Description of the task – Reproduce exactly the span of lines beginning at the one with "The cufflinks are" and ending at the last line of the data below, omitting pictures.

Given material –
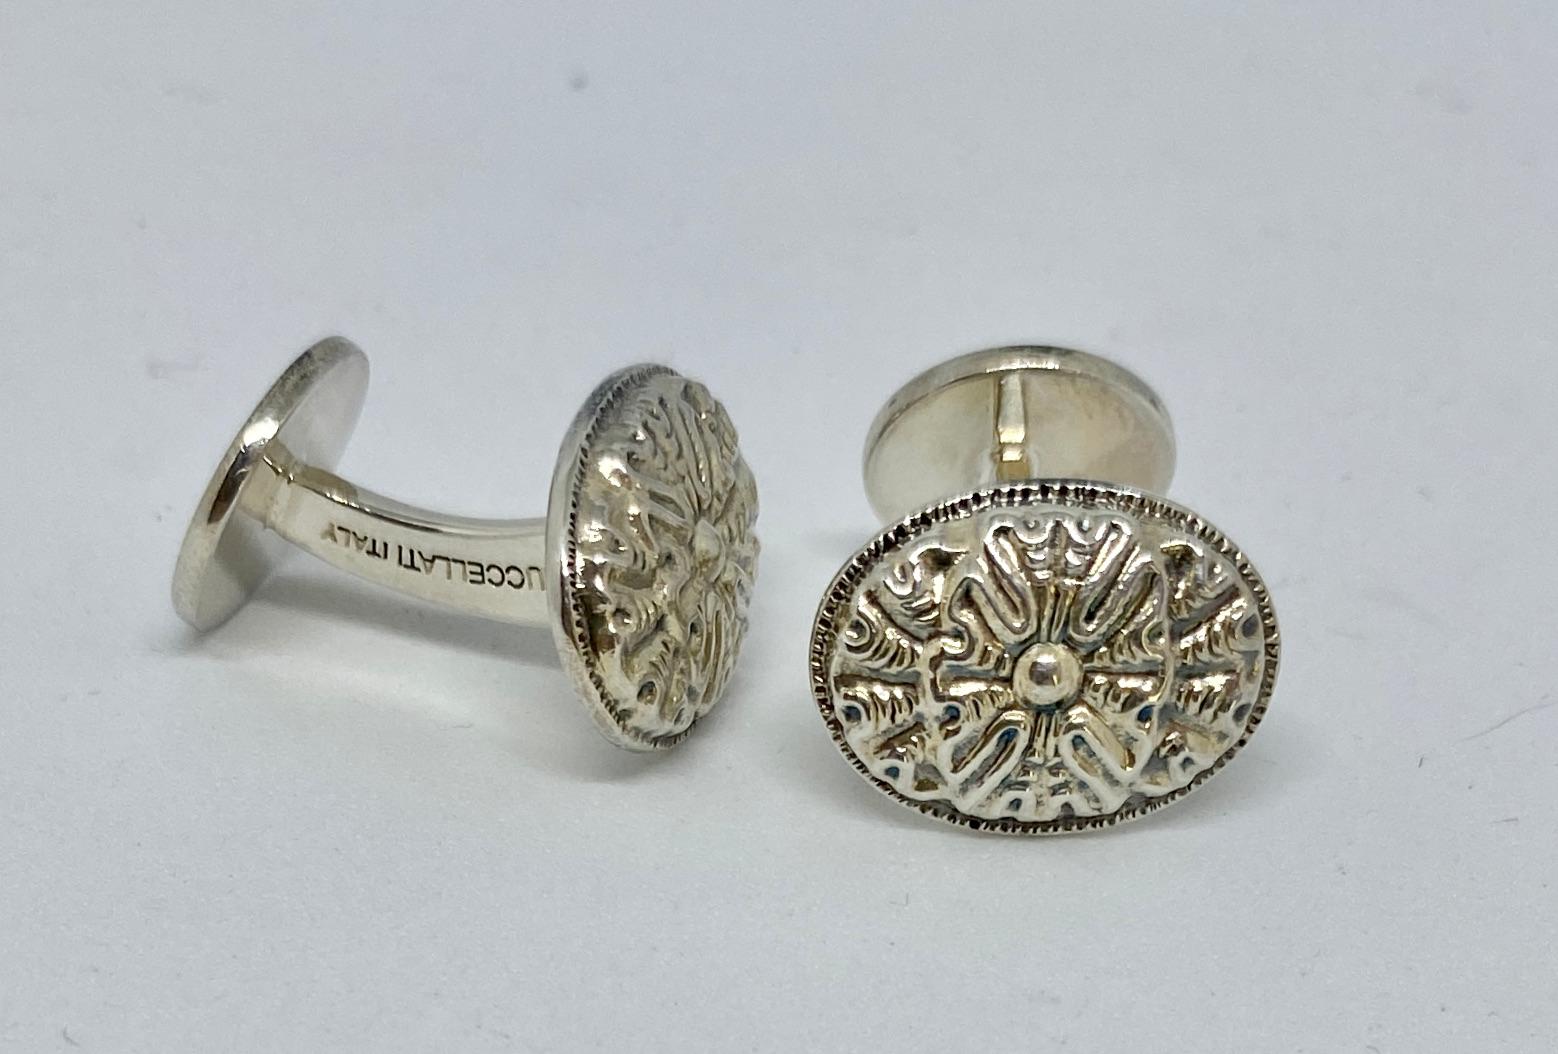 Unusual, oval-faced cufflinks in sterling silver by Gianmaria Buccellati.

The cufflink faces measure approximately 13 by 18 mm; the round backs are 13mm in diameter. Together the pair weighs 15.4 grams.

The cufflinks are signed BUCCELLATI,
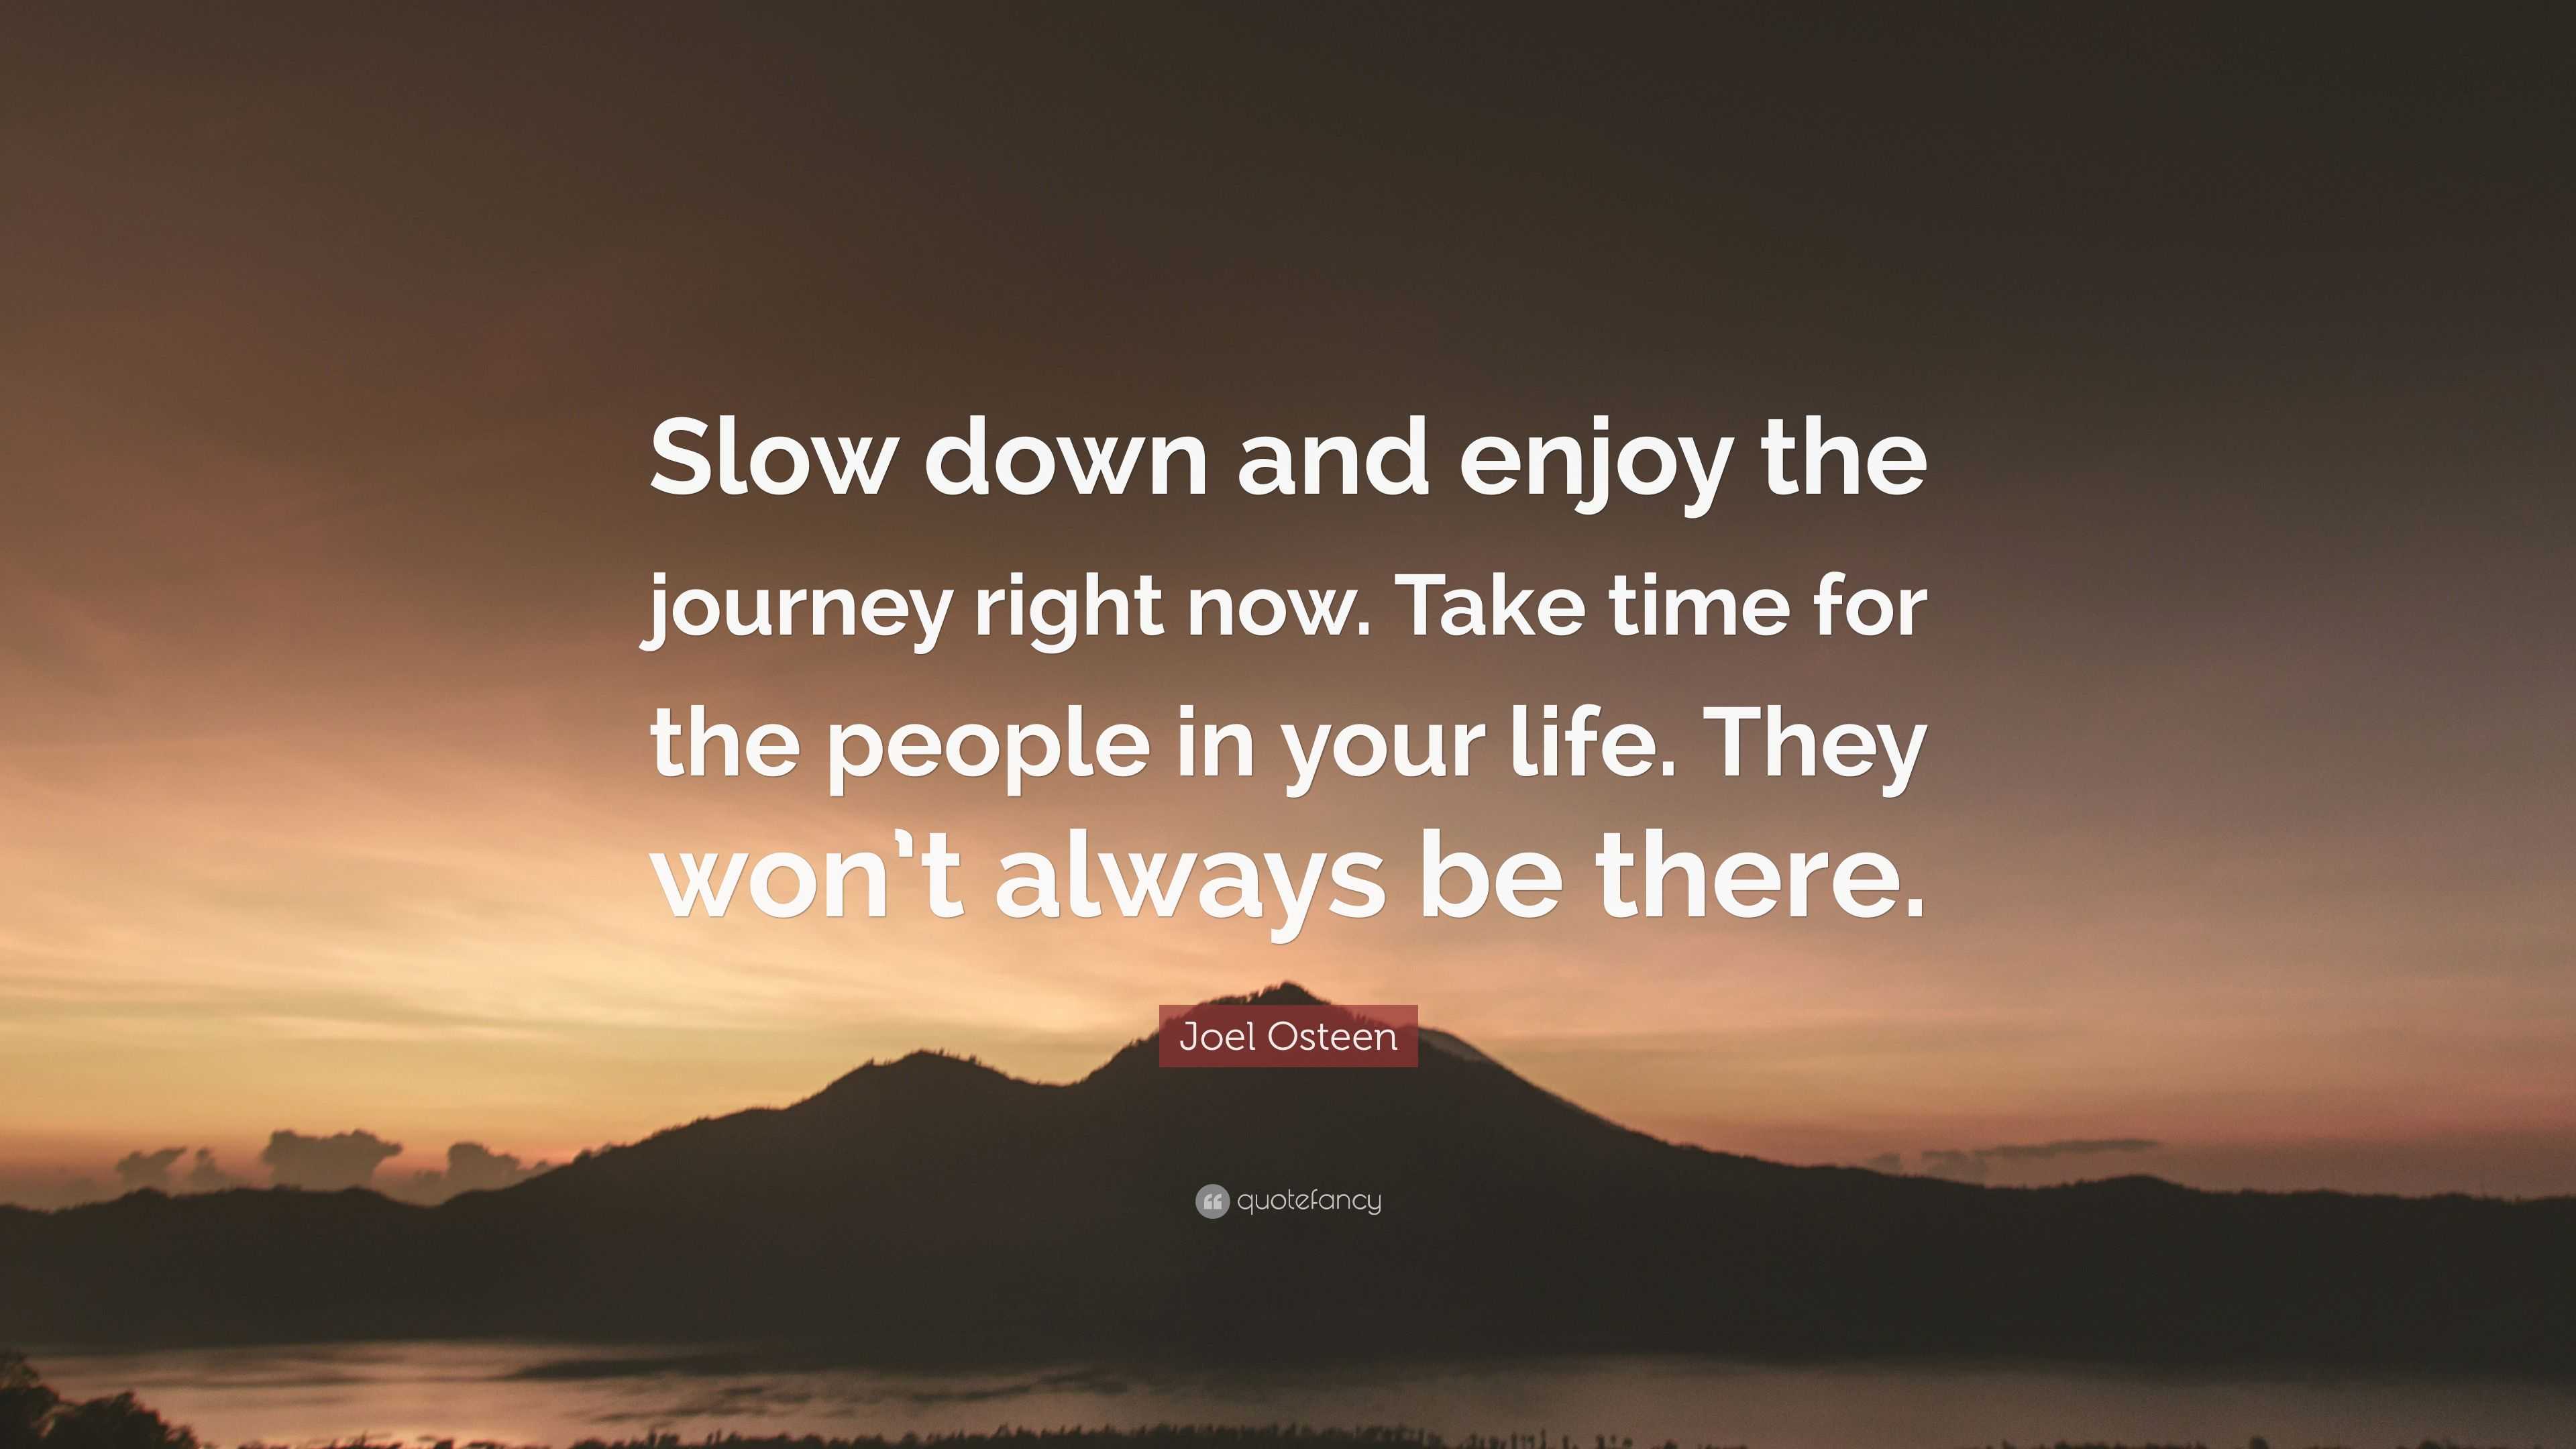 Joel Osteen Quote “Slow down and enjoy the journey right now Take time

Solution for this exercise –
The cufflinks are signed BUCCELLATI,
 Joel Osteen Quote “Slow down and enjoy the journey right now Take time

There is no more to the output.